Man Merges Successfully

After a difficult moment, an Anaheim man Thursday successfully merged his 1989 Volkswagen Fox into heavy traffic on the fast-flowing Costa Mesa Freeway.

“It was touch-and-go there for a second, but then I just signaled, saw a gap, and moved slowly into the lane of traffic,” said driver Paul Salvatore, 38, a draftsman at an Irvine architectural firm.

Salvatore said he hadn't even intended to take the freeway but made a split-second decision in hopes of getting home to his wife and two daughters before two medium pizzas soaked through their boxes and into the upholstery on the passenger seat.

The fact that he didn't quite make it home in time was memorialized by a vague stain, but Salvatore didn't seem bothered. “I don't know if I've ever merged so successfully,” he said. “One second I was roaring down the onramp into a impenetrable river of cars, and the next I was in the right lane.”

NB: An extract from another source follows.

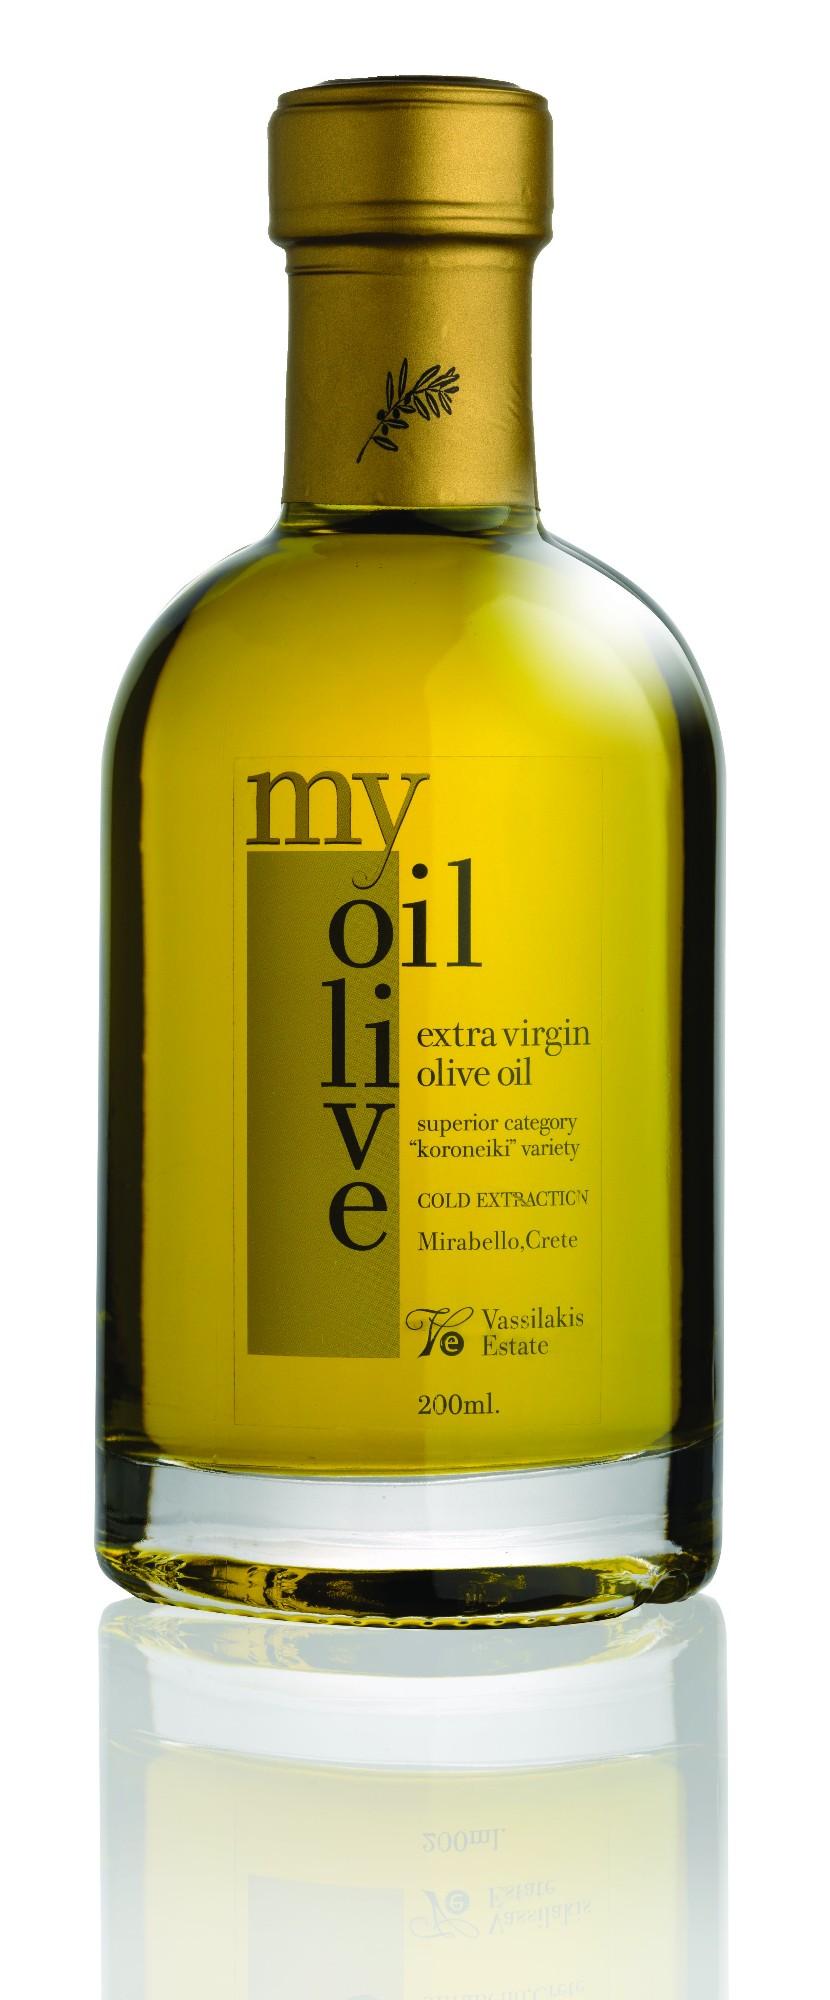 Ypač tyras alyvuogių aliejus MY OLIVE OIL VASSILAKIS ESTATE, 200ml
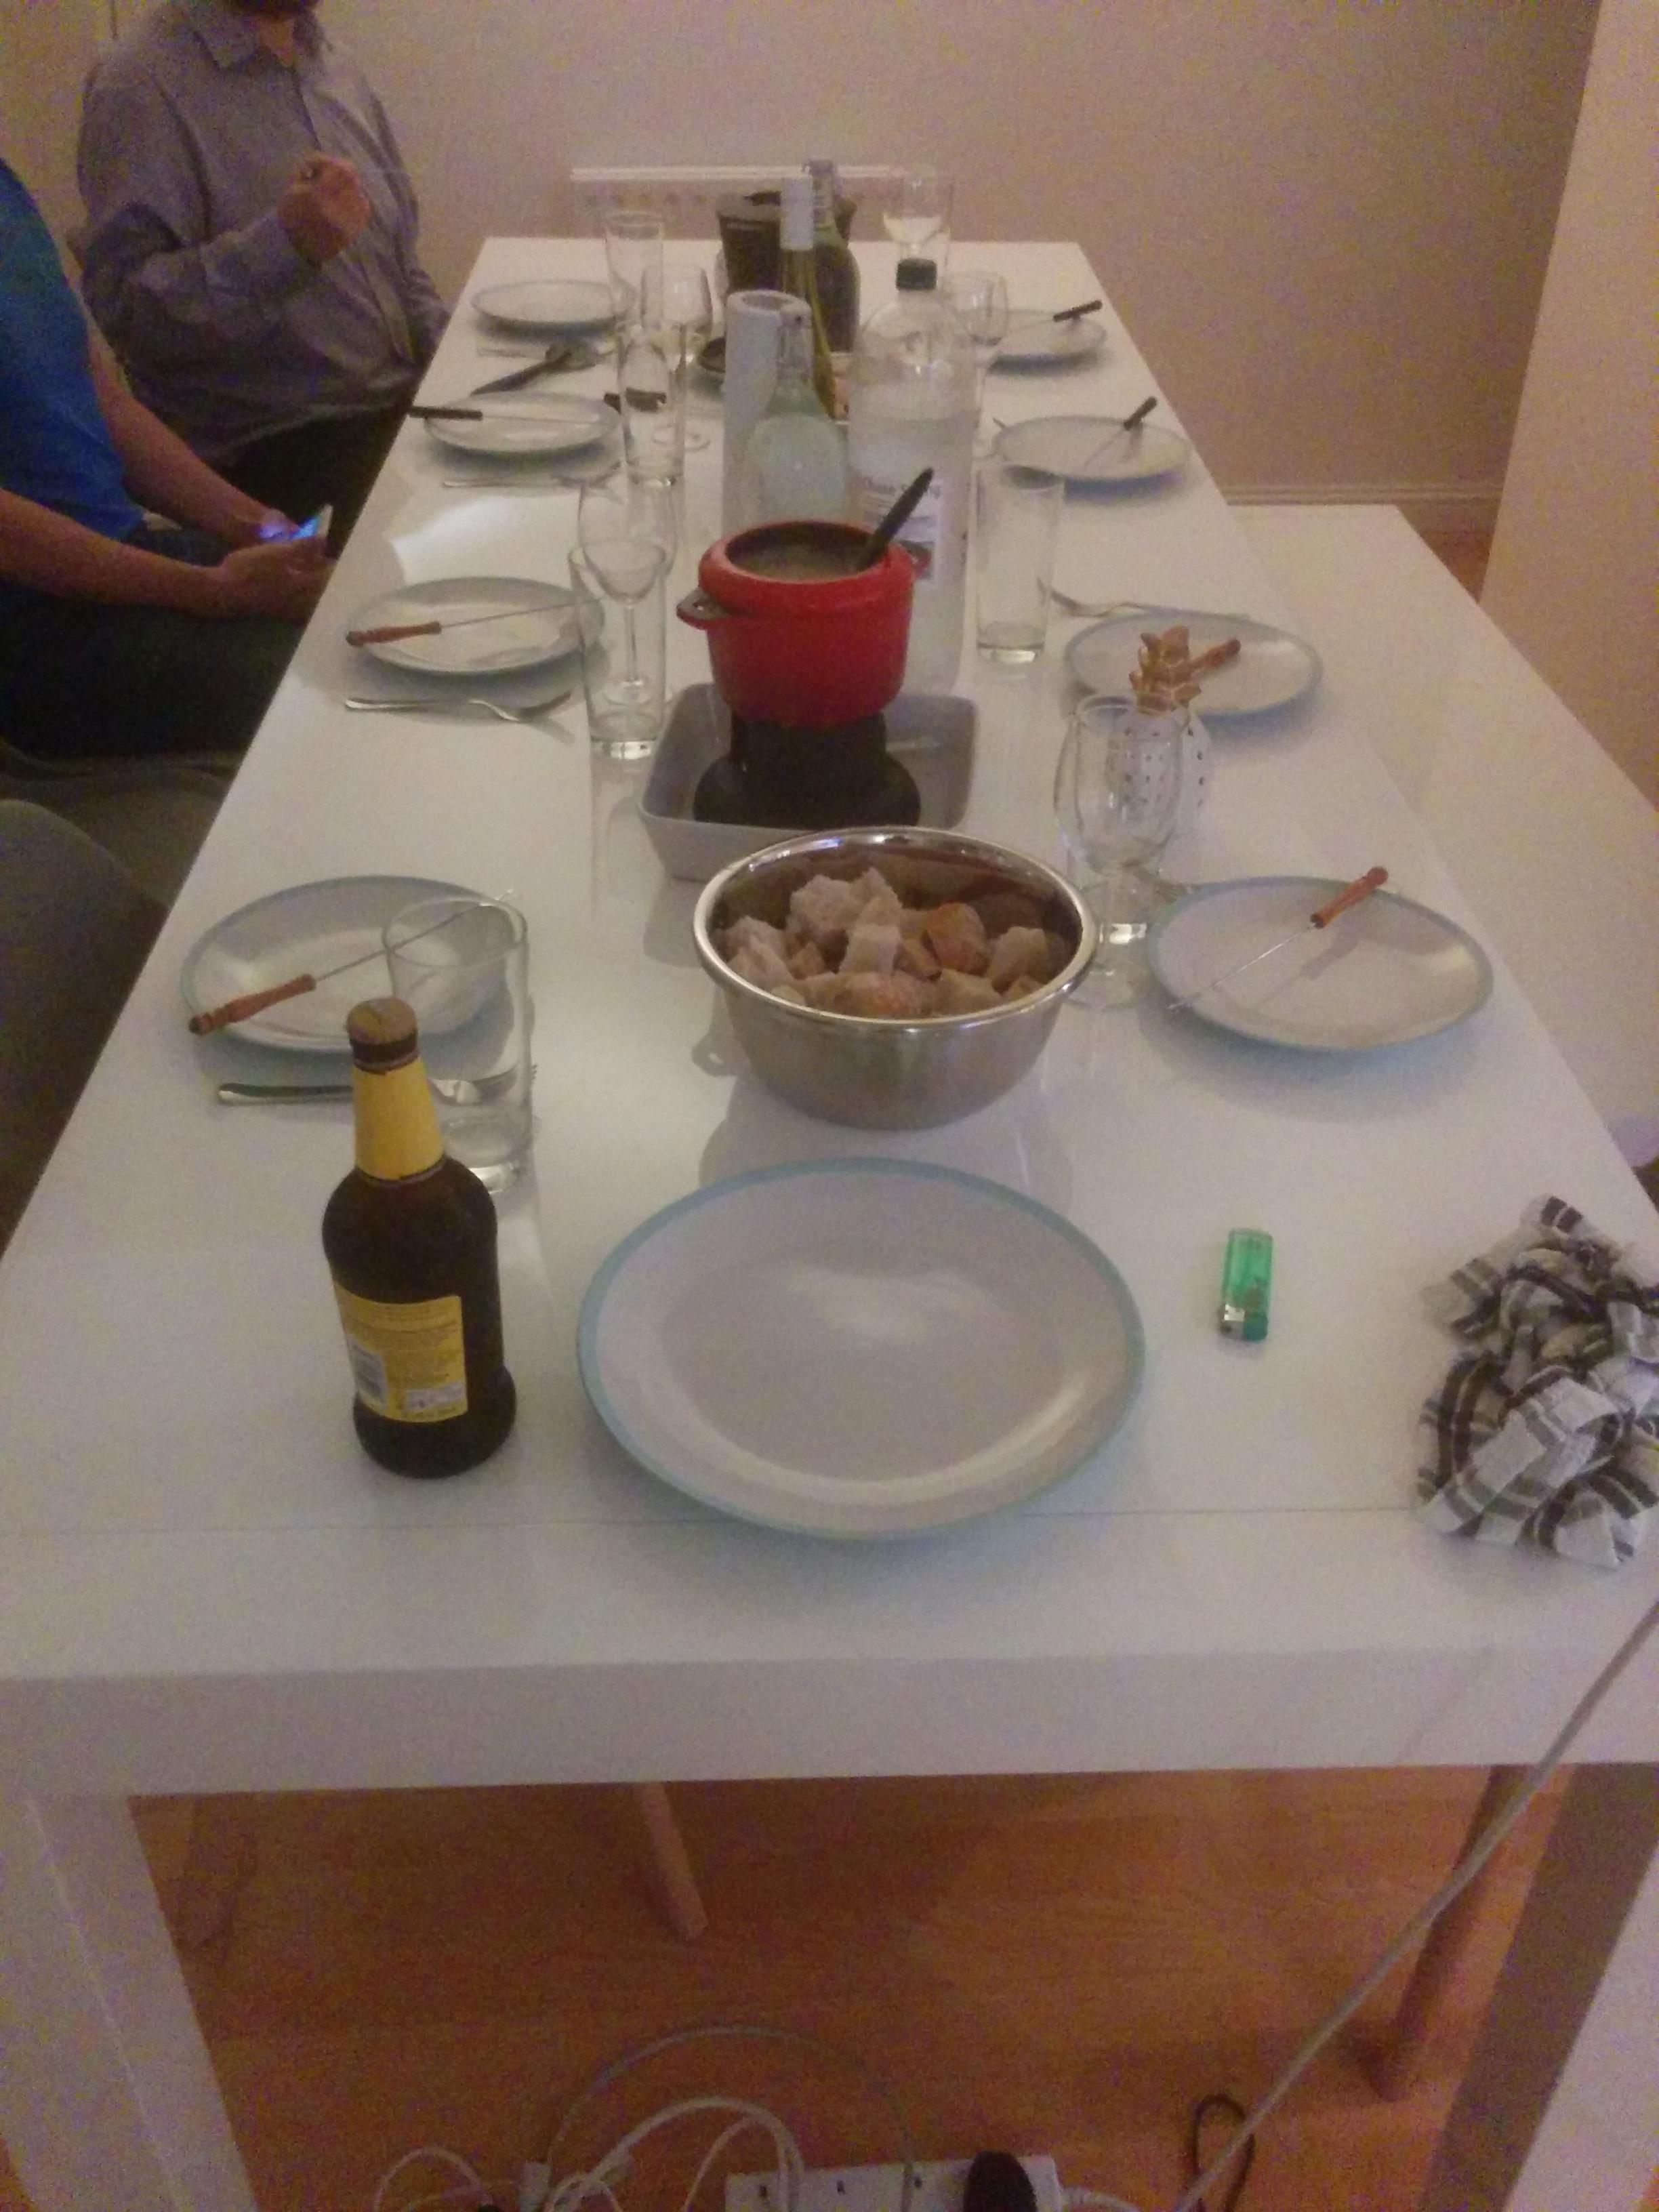 Our fondue dinner

Salvatore doesn't remember much about the specifics of this experience. “The tick-tick-tick of my left-hand blinker comes back to me very vividly,” he said, squeezing his eyes tightly shut as he struggled to recall the moment. “And I know I'm supposed to look over my shoulder, you know, for the blind spot, so I'm pretty sure I did that.”

Caltrans officials say hundreds of thousands of Californians merge successfully every day.

“We see this type of thing, I don't know, all the time,” said Alan Greenspan, director of highway safety for the state agency. “But it's the accidents, the people who fail to merge successfully, who get all the headlines.”

An OC Weekly survey of the Katella onramp at the 57 freeway suggested Greenspan is right. Over the course of two hours, 434 cars rising up the asphalt roadway managed to merge without major incident.

Nonetheless, many people cringe at the mere mention of merging and seek better regulation.

“Merging is simply too dangerous to be left in the hands of ordinary drivers,” said Hans Groening, director of the Santa Ana-based nonprofit group Purge the Merge. “When a ship comes into a harbor, it is required by law to bring on a harbor pilot. We're just saying.”

Purge the Merge would require California drivers to pick up state-licensed merging experts for the short trip between surface streets and highways.

Groening emphasized that his group was “happy that Mr. Salvatore merged without dismemberment, but we'd say he's lucky to be alive.” Groening then repeated the word “member” and giggled to himself.

Viewing a videotape supplied by the Weekly, experts at UC Irvine's School of Transportation said Salvatore did a “good, but not great” job of merging.

“He could have picked up a little more speed, and he signaled a few seconds later than we'd ordinarily like to see in these situations,” said Spencer Poster-Wiener, whose 1995 book Getting Together: A History of the Marriage of Auto Speed, Time and Distance on American Onramps was considered a Bible on the subject of merging until fundamentalist Christian groups objected. “Then again, you've got to remember he was transporting pizzas.”